-- Opening Marker --

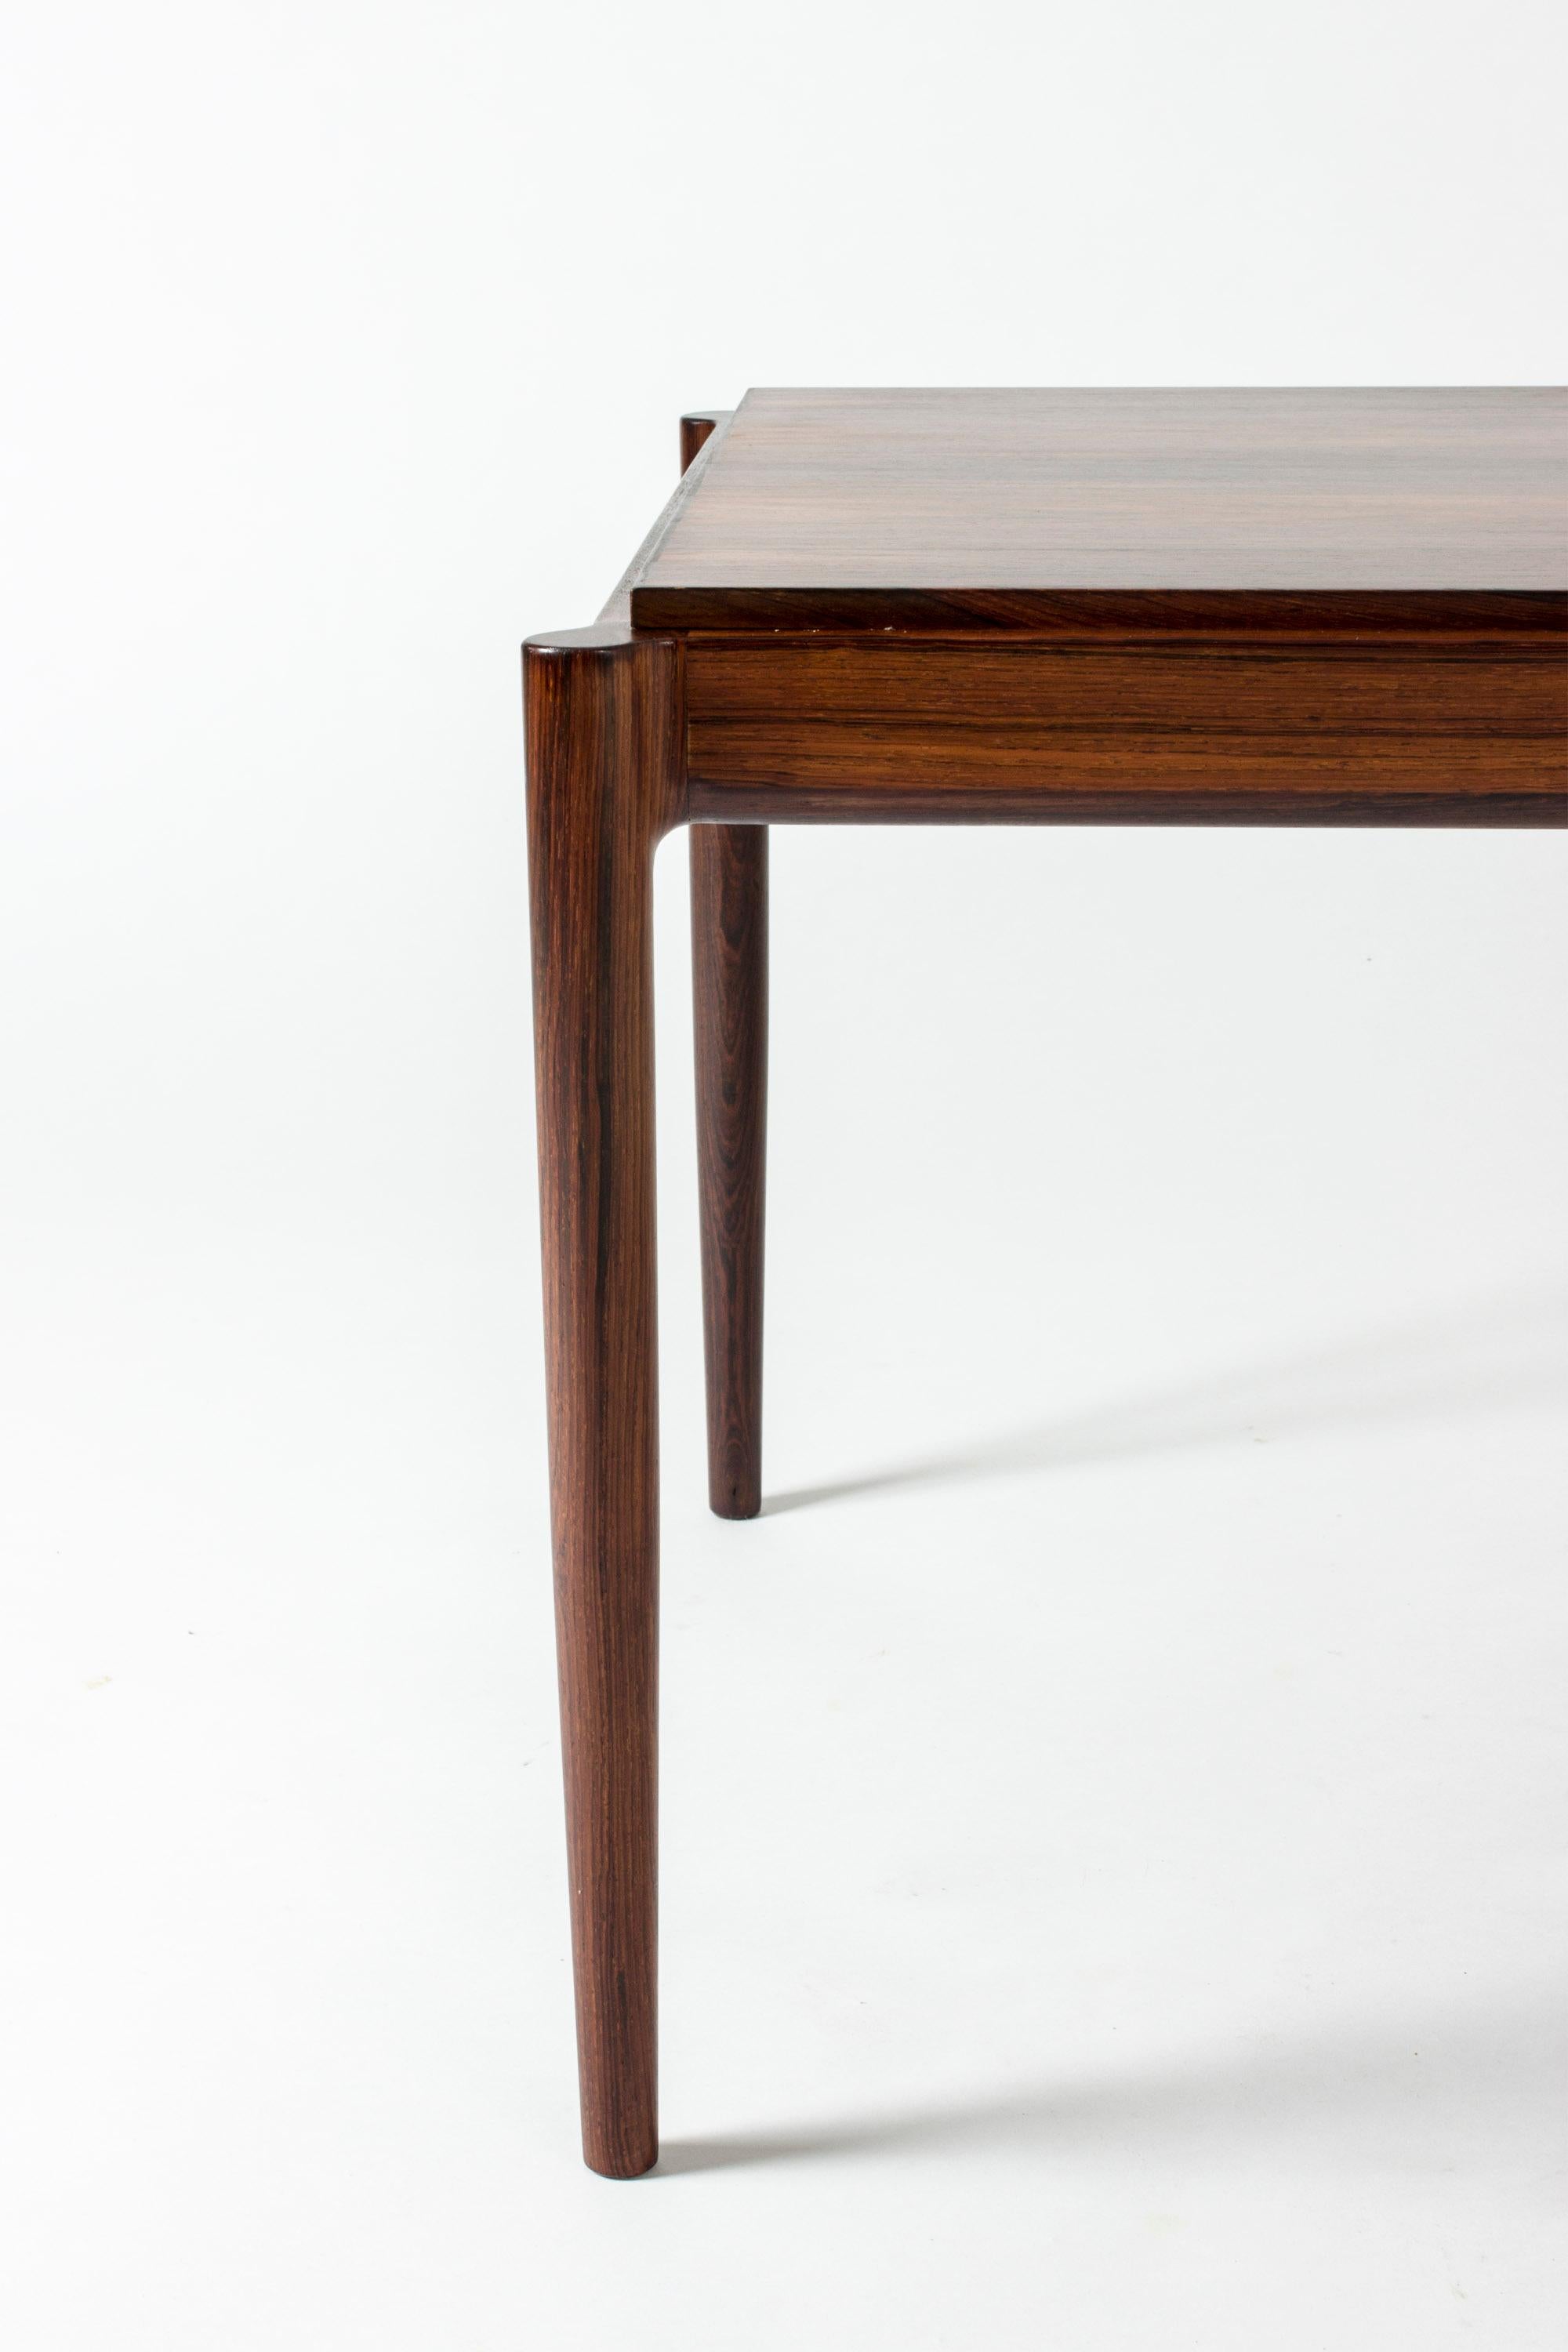 Mid-20th Century Rosewood Coffee Table by Ib Kofod-Larson for Seffle Möller, Sweden, 1960s For Sale
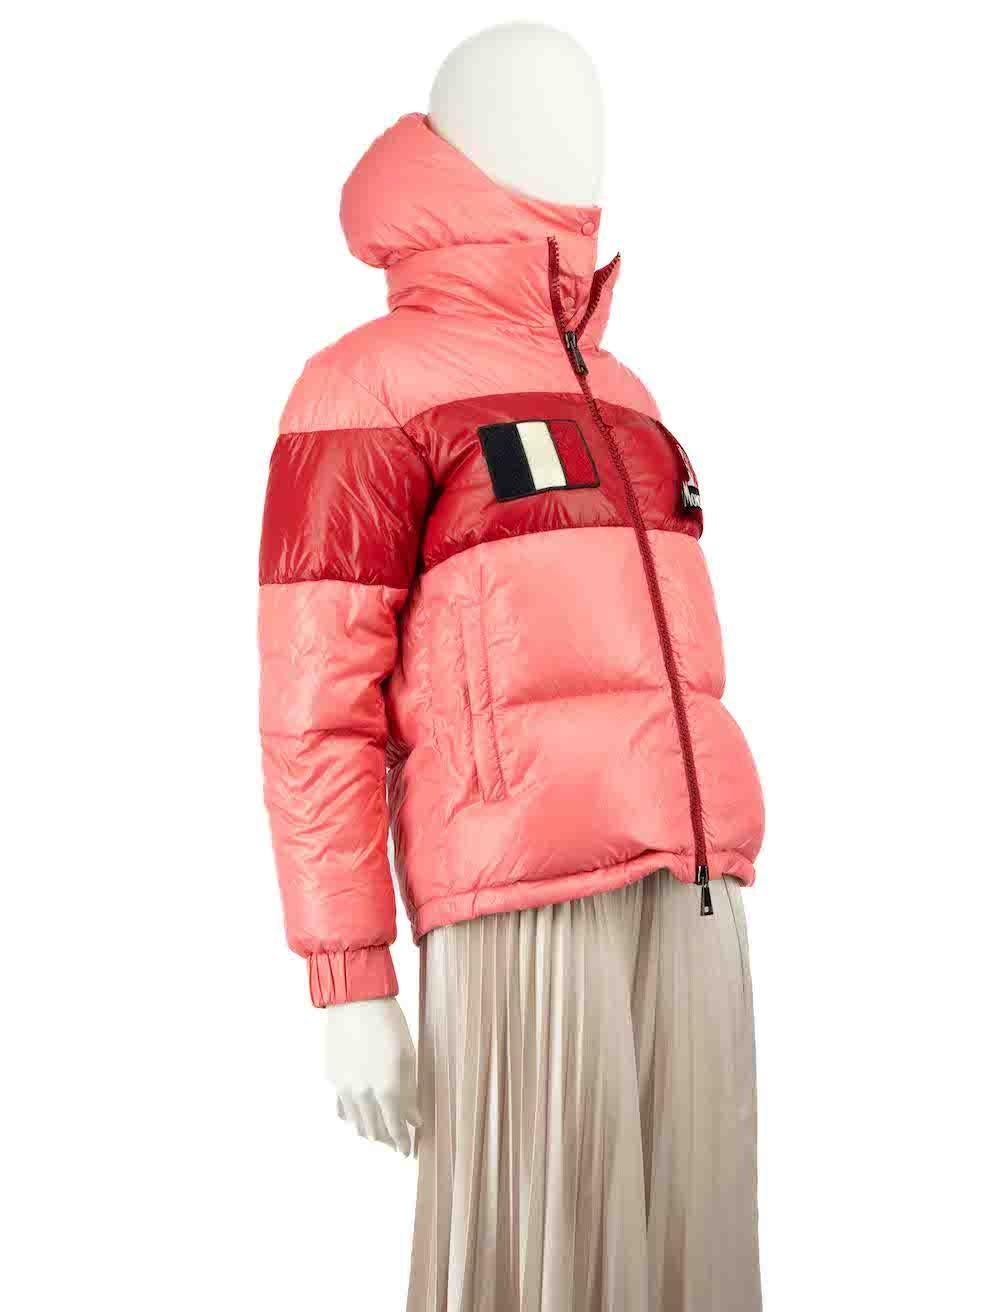 CONDITION is Very good. Hardly any visible wear to jacket is evident on this used Moncler designer resale item.
 
 
 
 Details
 
 
 Model: Gary
 
 Pink
 
 Synthetic
 
 Puffer jacket
 
 Goose down
 
 Detachable hood
 
 Red colour block
 
 Zip

-- Closing Marker --

* **The problem**
Set down, word for word, the full listing above, and carry over no pictures.

* **Answer to this task**
 Mid-20th Century Rosewood Coffee Table by Ib Kofod-Larson for Seffle Möller, Sweden, 1960s For Sale
 CONDITION is Very good. Hardly any visible wear to jacket is evident on this used Moncler designer resale item.
 
 
 
 Details
 
 
 Model: Gary
 
 Pink
 
 Synthetic
 
 Puffer jacket
 
 Goose down
 
 Detachable hood
 
 Red colour block
 
 Zip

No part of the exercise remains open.